Именно эти мысли и возвращали Даню в суровую реальность, где он уже восемнадцать дней находился в плену, ожидая неминуемого расстрела в свои двадцать шесть лет.


Было бы абсолютно неправильно считать, иногда напряженно думал Даня, как бы просыпаясь и вылезая из теплого полусна, что эти «народные республики», так удивительно густо, как лопухи или крапива, полезшие из украинской земли, начались в дни разграбления Одессы, то есть в тот день, когда атаман Григорьев вошел в Одессу в мае 1919 года, когда французы, англичане, греки, итальянцы срочно ее покинули, отплыли на своих красивых кораблях, дав прощальный гудок, оставив там из-за спешки и скорости отплытия несметные богатства – тонны продовольствия, вооружения, мануфактуры. Ведь они-то думали, что идут на постой, выполнять миротворческую миссию, в богатый, прекрасный, но немного обнищавший мирный город, в котором они будут торговать, будут жить, что сами их корабли принесут мир в Украину и Россию, что все остановится, прекратится, как по мановению волшебной палочки. Но ничего не прекратилось, реки крови продолжали проливаться каждый день, хотя мировая война была окончена, они никак не могли этого взять в толк – за что в них стреляют, откуда взялись эти полчища, это жадное воинство дорвавшихся до крови людей.

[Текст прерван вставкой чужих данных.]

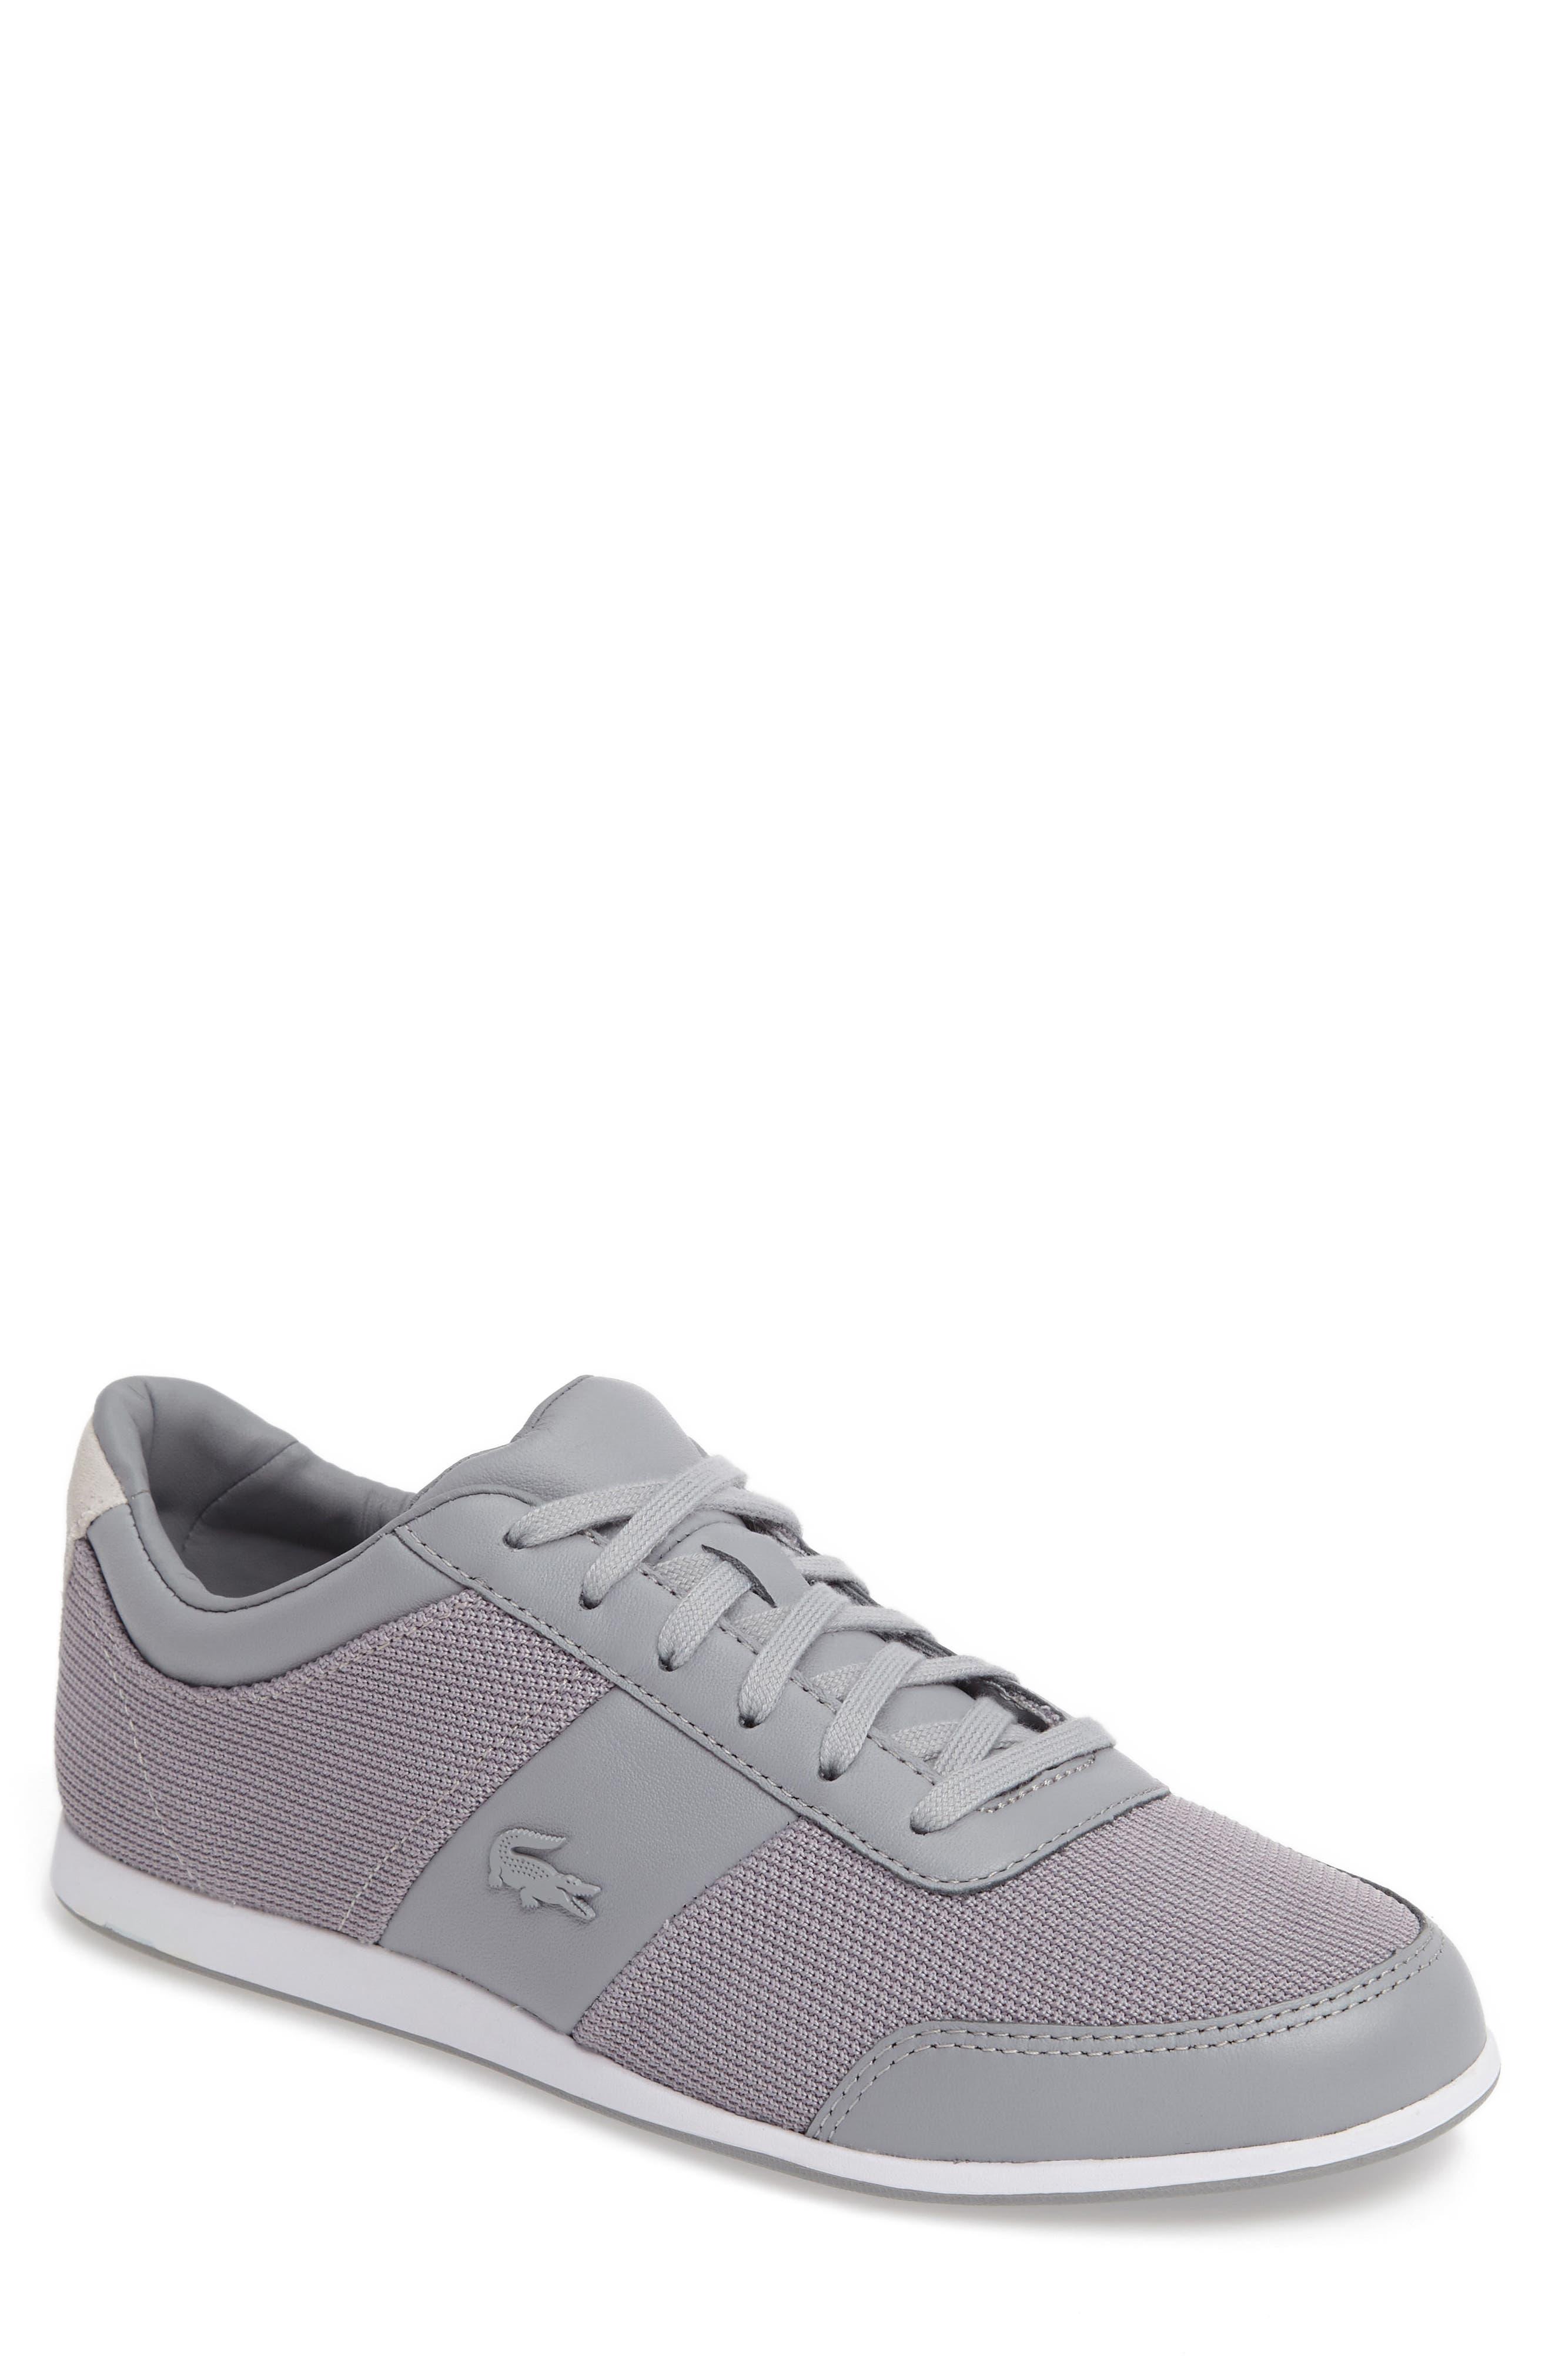 Lacoste Embrun Sneaker (Men)
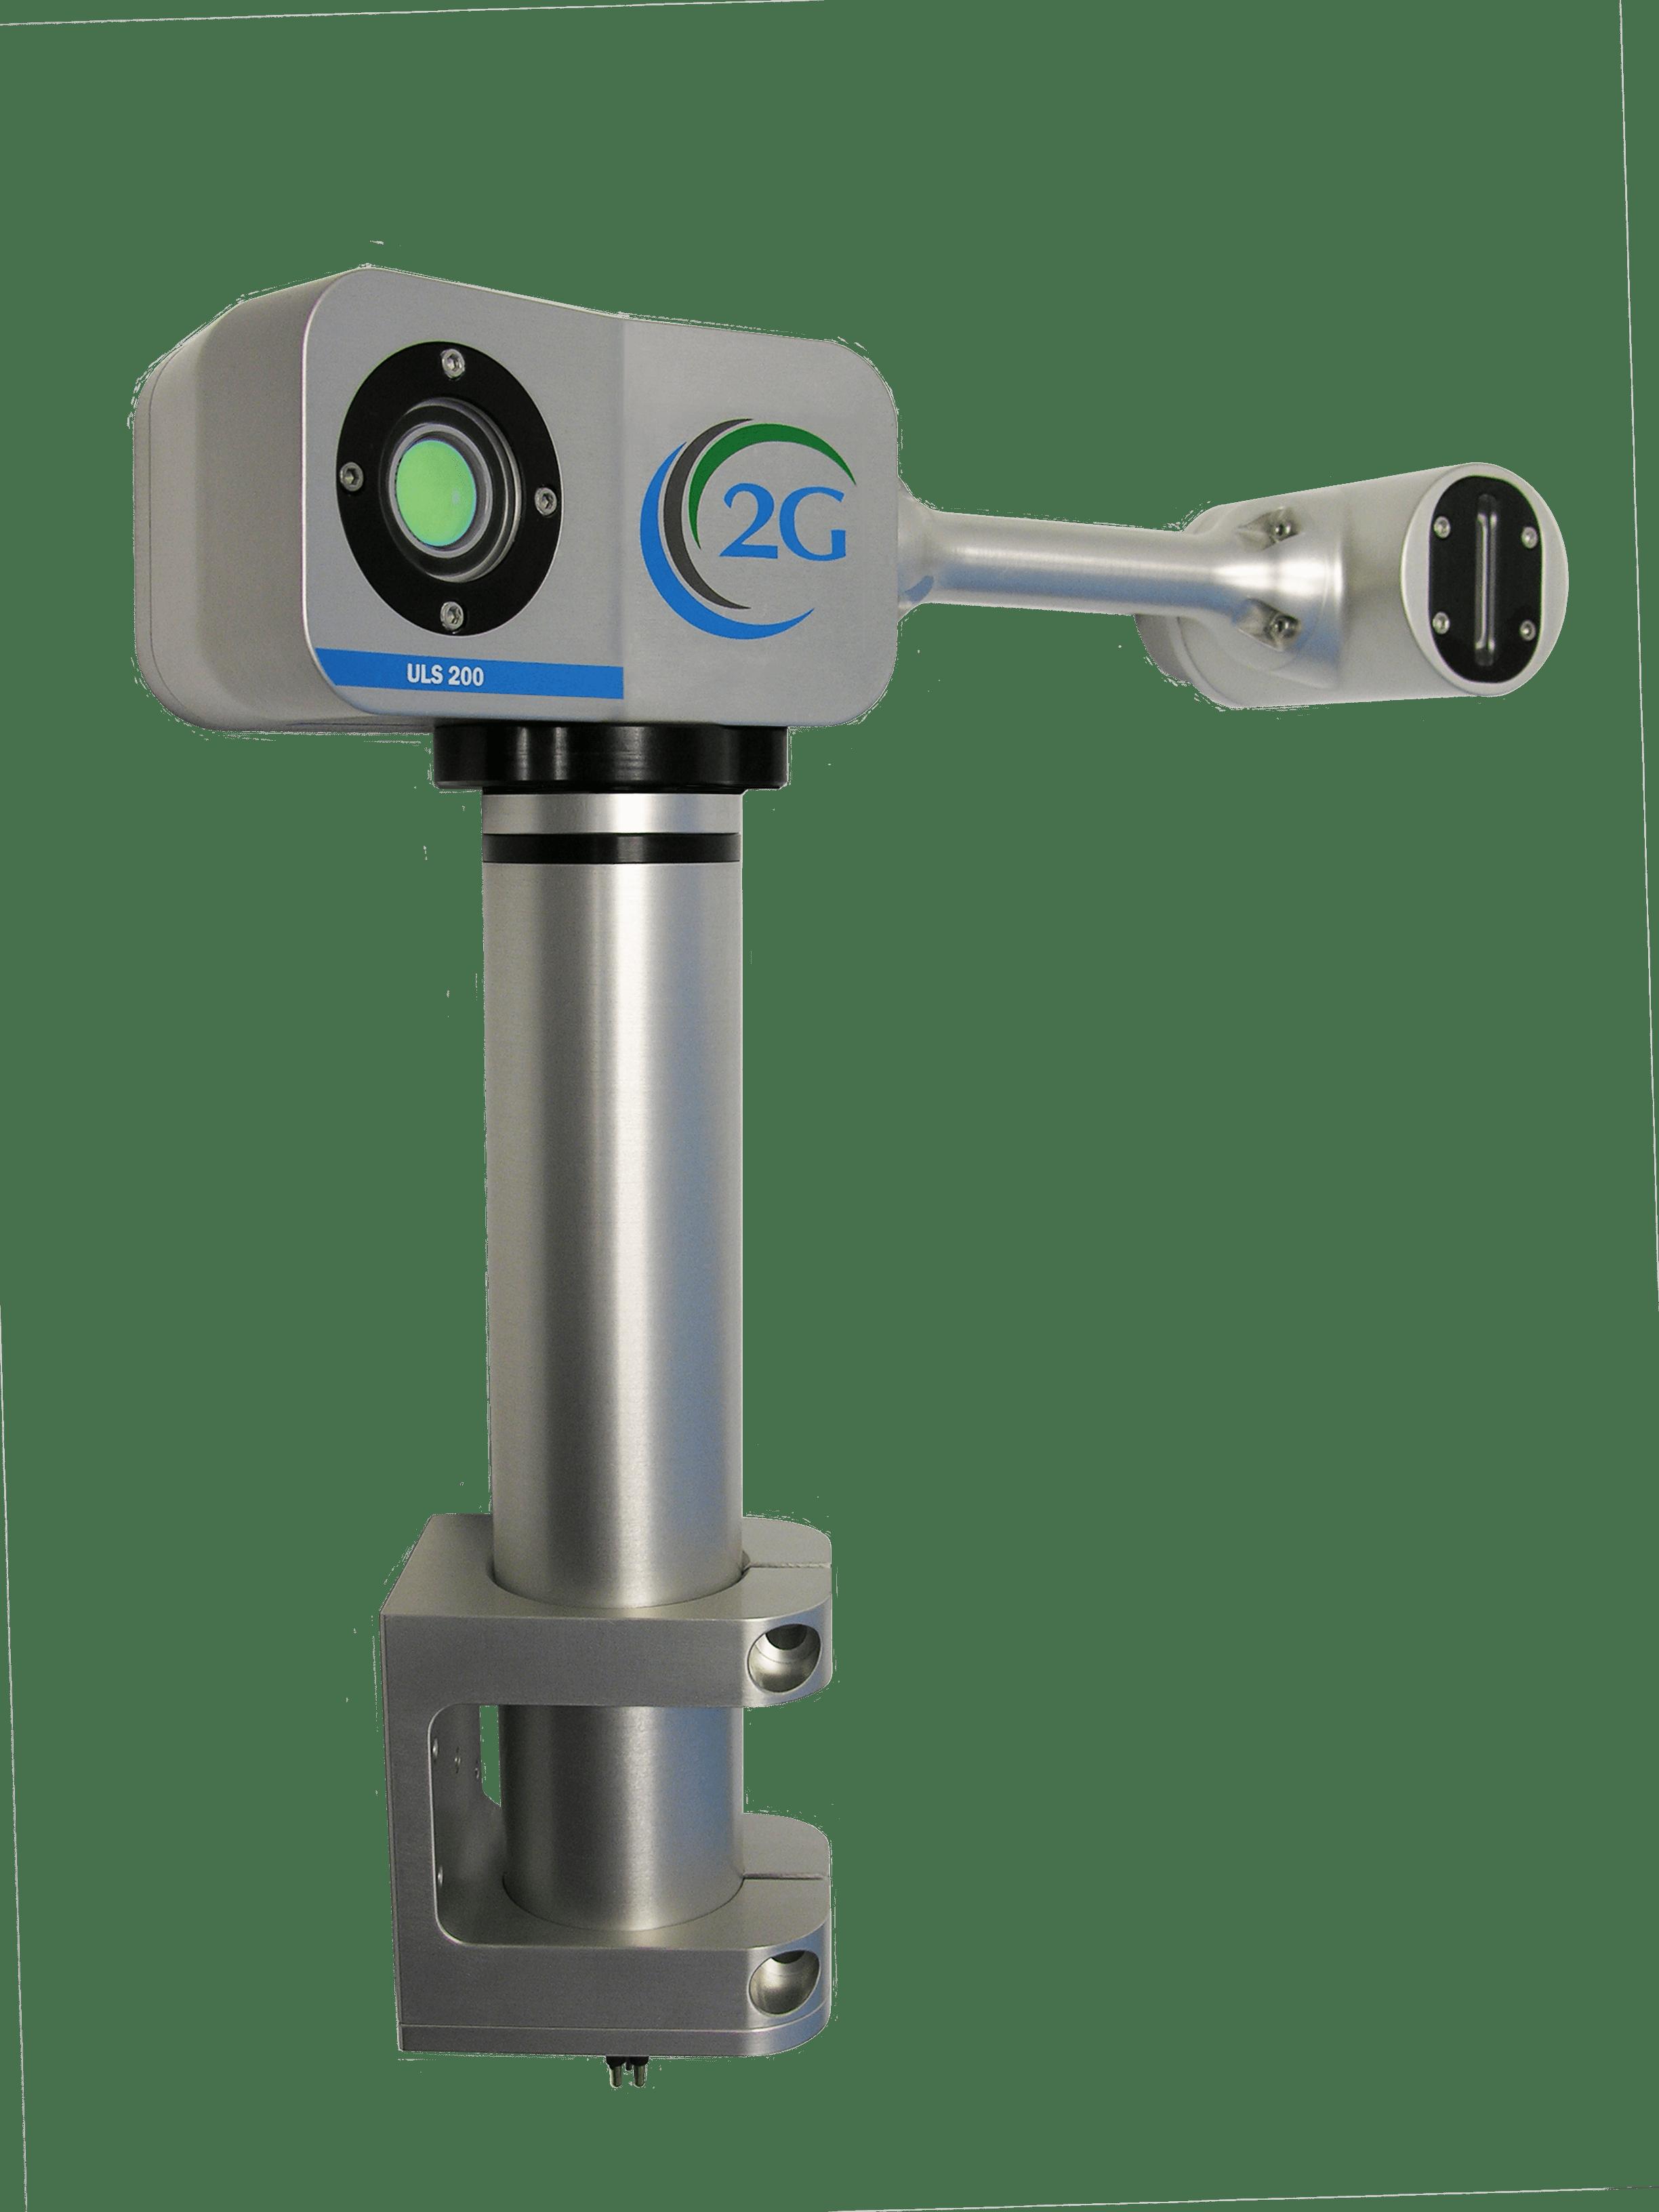 aus-rov_underwater_laserscanner_2g_robotics.png

И вот они, не желая воевать с этими непонятными «народными армиями», постыдно бежали, оставив в Одессе свои богатства, мешки, фуры, ящики, отрезы, своих женщин и свои еще теплые следы, и в город вошел атаман Григорьев, и вскоре по всем станицам и хуторам полетели эти повозки, эти обозы, эти эшелоны всего, что только могло бы составить счастье озверевшего от разнообразной недостачи крестьянства. Даня прекрасно помнил это дикое григорьевское воинство, эти расширенные от восторга грабежей глаза, эти широкие во весь щербатый рот кривые улыбки, Манька, смотри, чаво я тебе привез. Впрочем, для Дани тут все было понятно, просто, прозрачно, недаром Григорьев и его армия прославились на Украине второй после Петлюры волной еврейских погромов, тысячи убитых, изнасилованных, растоптанных лошадьми тел, изодранных в поисках мифических бриллиантов подушек, сожженных домов, зверские пытки евреев, поруганная навсегда честь смелых еврейских женщин, сколько их повесилось потом, но нет, нет, не с этого начались эти лопухи, эта крапива… Не с этого.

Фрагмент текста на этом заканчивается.